TV became overwhelmingly white, again.Compare prices and buy all brands of solar panel
for home power systems and by the pallet. Mostly black shows, like 227
and Amen, were largely stressless havens, free of racial and social
upheaval. That comfort continued to swell in the 1990s with shows like
Living Single, The Fresh Prince of Bel-Air, and Family Matters.Most of
these shows took the wrong lessons from The Cosby Show and its
black-college spin-off, A Different World, the two most important shows
about black life in the history of television. The former took lavish
pride in blackness and the black middle class. The latter offered an
absorbing survey of the many ways to be black. But each show could also
be watched, respectively, as a universal half-hour about a large,
loving family and as a resonant dramedy about the ups and downs of
higher education. Not seeing blackness in either show meant the writing
was generous enough to permit you to see past it. But that didn't mean
it wasn't there. The Fresh Prince of Bel-Air and Family Matters were
more insipid shows that nonetheless managed to further normalize a
black middle class, while characters like Carlton Banks and Steve Urkel
followed the cool nerdiness of A Different World's Dwayne Wayne and
further expanded the parameters of who else a black male could be.
But
the problems of race and racism were shuttled off to cop procedurals
and courtroom dramas or were being fought on nascent daytime talk shows
and reality stunts like the alarming first two seasons of The Real
World. 30 Rock turned a sharp corner on the depiction of those
conversations. It's useful to remember that the show debuted in the
fall of 2006, right before the cancellation of Aaron Sorkin's terrible
Studio 60 on the Sunset Strip, whose setting was a sketch comedy show
that was too proud of all the positions it took to be funny. That show
resulted in nearly two dozen episodes of awkward self-misunderstanding.
It was like watching a horse try to ride a man.
At the time,
the fear was that 30 Rock would be more lefty righteousness and
politically correct self-affirmation, another gassy indulgence from an
NBC star. Sorkin's show was pure Hollywood earnestness and
view-from-the–Town Car platitudes. But after half a season, it was
clear someone on 30 Rock rode the subway. The show enjoyed the mess of
trying to get along. Its approach was Blazing Saddles to Studio 60's
Crash. Liz breaks up with a geeky black business manager (Wayne Brady)

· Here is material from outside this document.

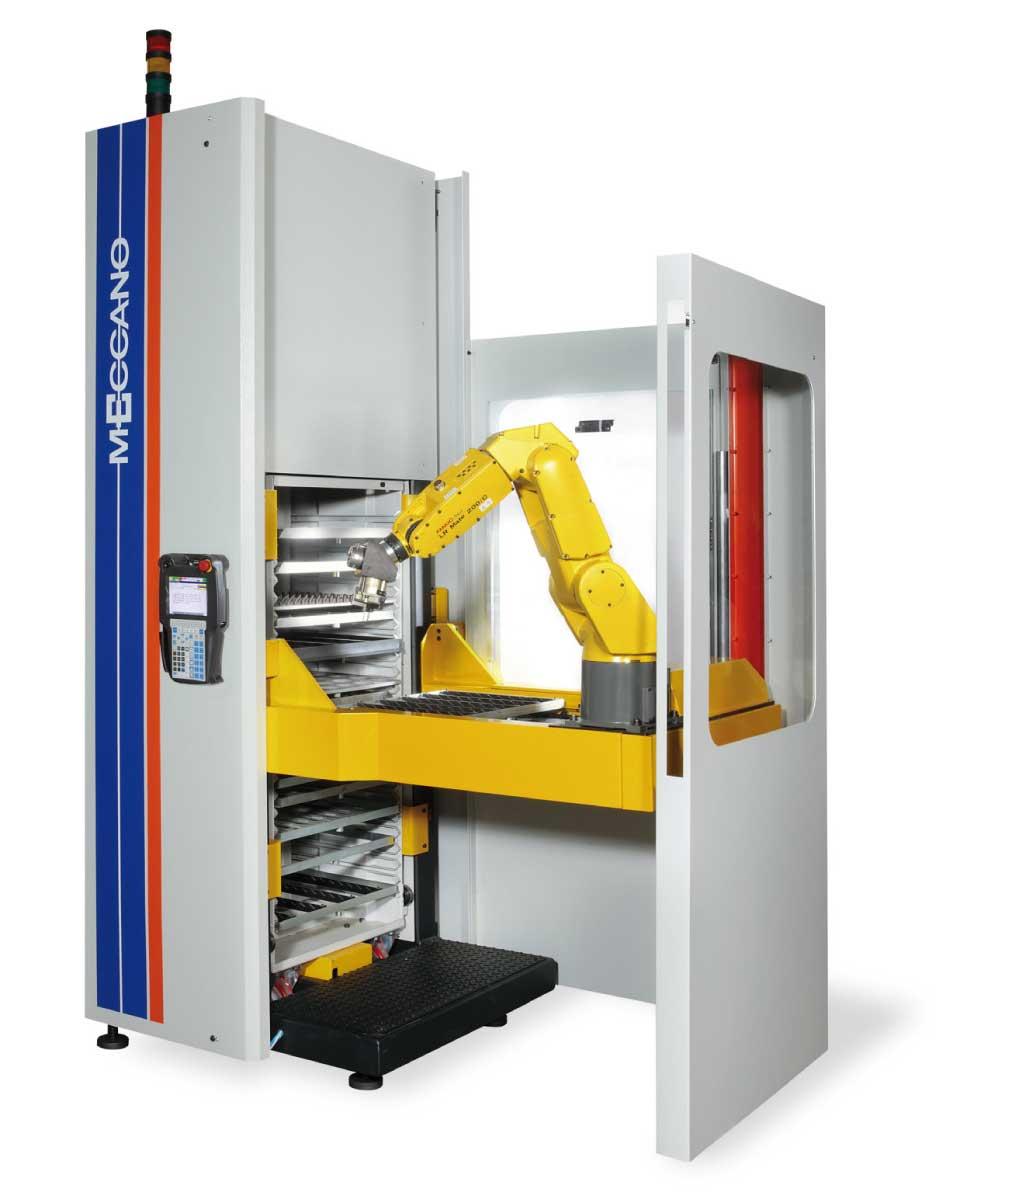 alimentatore a cassettiera con robot integrato pls

because he's dull. But he swears it's because he's black. This is a man
who blithely fulfilled no black stereotypes until he played the race
card, which insults her sense of liberal guilt.
In one of the
all-time best half-hours of television, Liz assumes that Tracy can't
read. But he's actually just exploiting her white liberal guilt to get
time off work. When she tells Pete (Scott Adsit) that Tracy's either
illiterate or slacking, he calls her a racist. But she knows Tracy is
working her white guilt, which is only to be used for "tipping and
voting for Barack Obama." Part of the show's innovation was the way
whiteness was as much up for discussion as blackness. Jack Donaghy
doesn't see the color of his skin as a race so much as a class. He grew
up Irish-Catholic in the slums of Boston, went to Princeton and Harvard
Business School, and arrogantly votes Republican. He's come into his
whiteness just as John Houseman in those old Smith Barney ads would
have wanted him to: He's earned it.We specializes in rapid plastic injection mould and molding of parts for prototypes and production.
During
Tracy and Jenna's "Freaky Friday" disaster, Jack interrupts their
complaining to make the exasperated observation that white men have it
hardest of all. Kenneth begins to interrupt him by saying, "As a white
man … " and Jack shuts him down: "Socioeconomically speaking, you are
more like an inner-city Latina." According to Jack, Kenneth, whose sole
ambition was to get out of Stone Mountain and into the NBC page
program, can't even afford to be white.